Name THE COURT: not the judge. For any judge other than the nine justices of the United States Supreme Court, the name of the judge does not tell me what I need to know: is this an important case? Where can I find a copy of the opinion? To answer those questions I need to know what COURT the decision came from. Journalists frequently make this mistake.

What about all those numbers?

Docket numbers --long alpha-numeric strings assigned by the court-- are useless outside of actual litigation. (Moreover, anyone who really needs a docket number can find it, if you identify the parties and the court).

Citations (volume and page numbers), on the other hand, tell the reader where to find a copy of the opinion, either in hard copy in a law library or by plugging the numbers into an online legal search engine like Findlaw. Complete citations are usually not available for brand new cases (we won't know what page the case will be printed on until the publisher tells us) but they can be very useful for historical cases. I wish all noders would use short form citation —for example: Lemon v. Kurtzman, 403 U.S. 602 (1971)— in writeups of important historical cases. This succinctly states the parties, court, and year.

Facts/Proceedings

“Facts” are a narrative of the underlying dispute or real-world problem. In the Anglo-American legal system, courts do not address abstract question of law: the lawsuit must arise from an actual “case or controversy”. The “facts” are probably the most important thing to discuss and get right in a case brief.

“Proceedings” means what happened after a lawsuit was filed. This is significant if the case is about procedure, and can also explain why an appeals court is applying a certain standard to review the case on appeal, but if you are not a legal professional you probably don’t care about any of that. For example, was there a trial in Marbury v. Madison? Probably not, but who cares? The case wasn’t about trial procedure (it was about the role of the judicial branch in the United States government.)

Issue/Holding/Disposition/Rationale

The “issue” is the point of the case, framed as a question.

The “holding” is the answer to that question.

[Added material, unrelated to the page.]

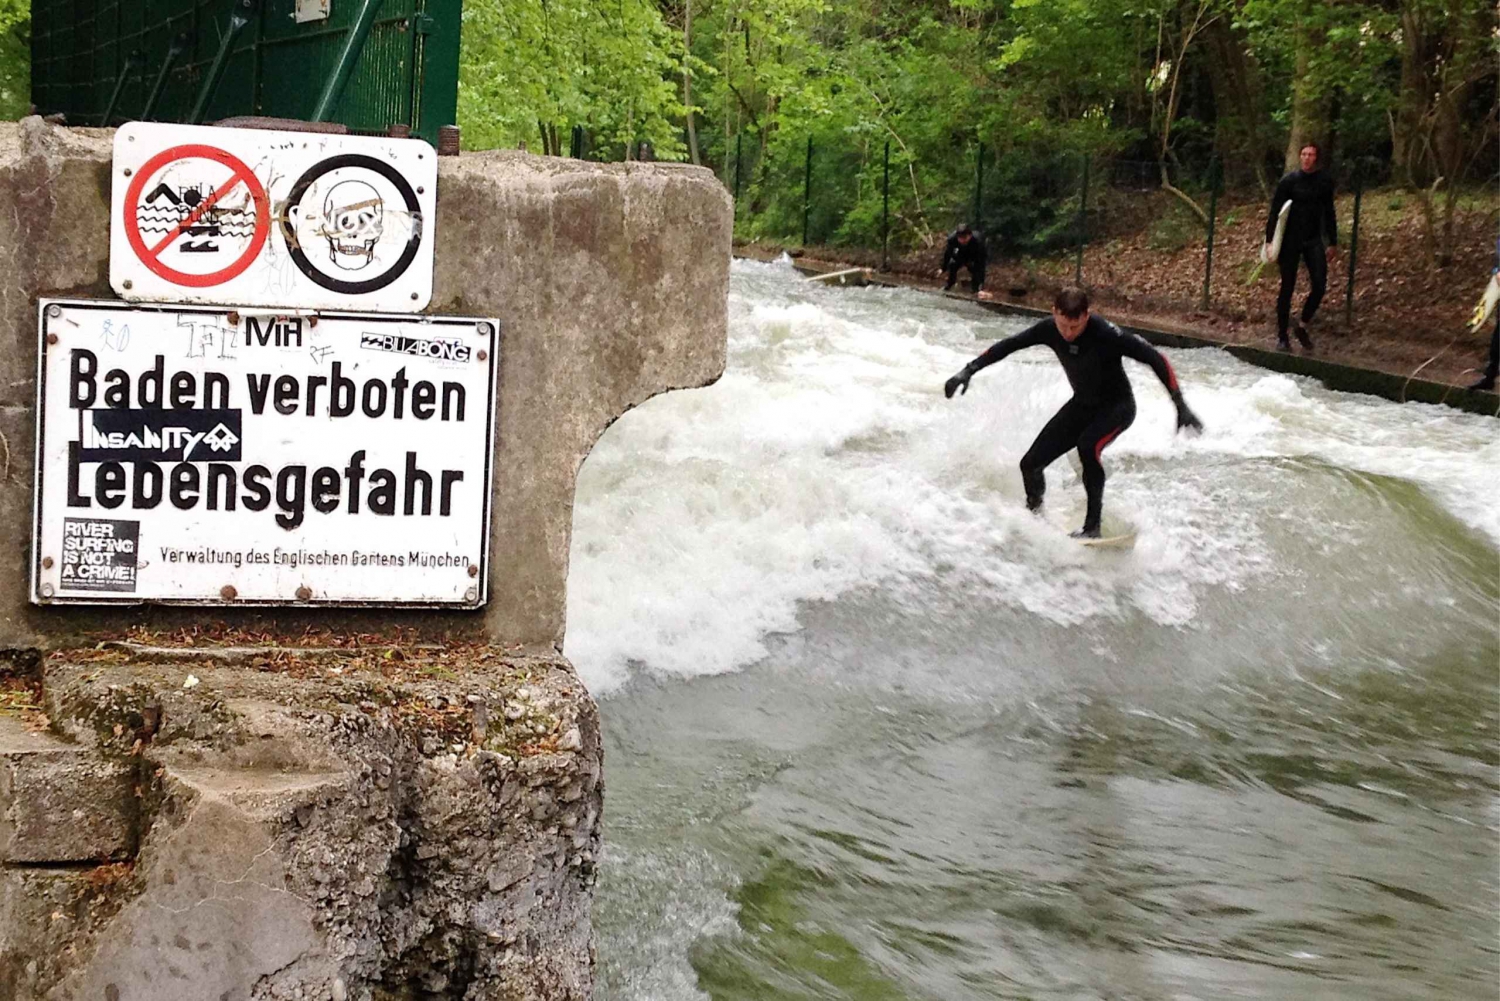 München: Den ultimative polterabend - Surf Experience Munich

The “disposition” is what the court actually ordered and can usually be summarized in a word or two (“affirmed”, “reversed”, “reversed and remanded”).

The “rationale” is an extended discussion of the court’s reasoning which leads up to the holding.

Extricating the “issue(s)” and “holding” from the “rationale” can be tricky. There are often many sub-issues which don't qualify as "the issue" for the purposes of your summary. Marbury, for example, addressed numerous sub-issues. First, did Marbury have a right to his commission? The court decided that he did. Second, the court asked: did the Court have the power to order the President to give Marbury his commission? The answer to that question was: “Yes”, because the Judiciary Act of 1789, a statute passed by Congress, gave the court the power to issue the appropriate order (here, a “writ of mandamus”). The opinion could have ended there, and that would have been the issue and the holding. But it wasn’t. Chief Justice Marshall posed an even more fundamental question: did Congress have the power (under the Constitution) to give the Court the power (under the Judiciary Act) to issue writs? The Court held: “No.” Congress could not alter the jurisdiction of the Supreme Court. This is brilliant: Marshall “gives up” the power to order the President to give Marbury get his commission (which Marshall did not want to do anyway) to grab for the judiciary the jurisdiction to review the “constitutionality” of the laws passed by Congress. This power makes the Supreme Court “supreme”: the ultimate authority, the last word, in the American government.

For a “case brief” summary, the “issue” is the most important legal point (in Marbury: Whether the Judiciary Act was “constitutional”) and all the remaining sub-issues (Marbury’s commission, writs of mandamus, and so forth) can be discussed under “Facts” or the “Rationale”. For an E2 writeup, you need not format the writeup with a heading titled “Issue”, but you must identify the important issue, and tell us how the court resolved that issue.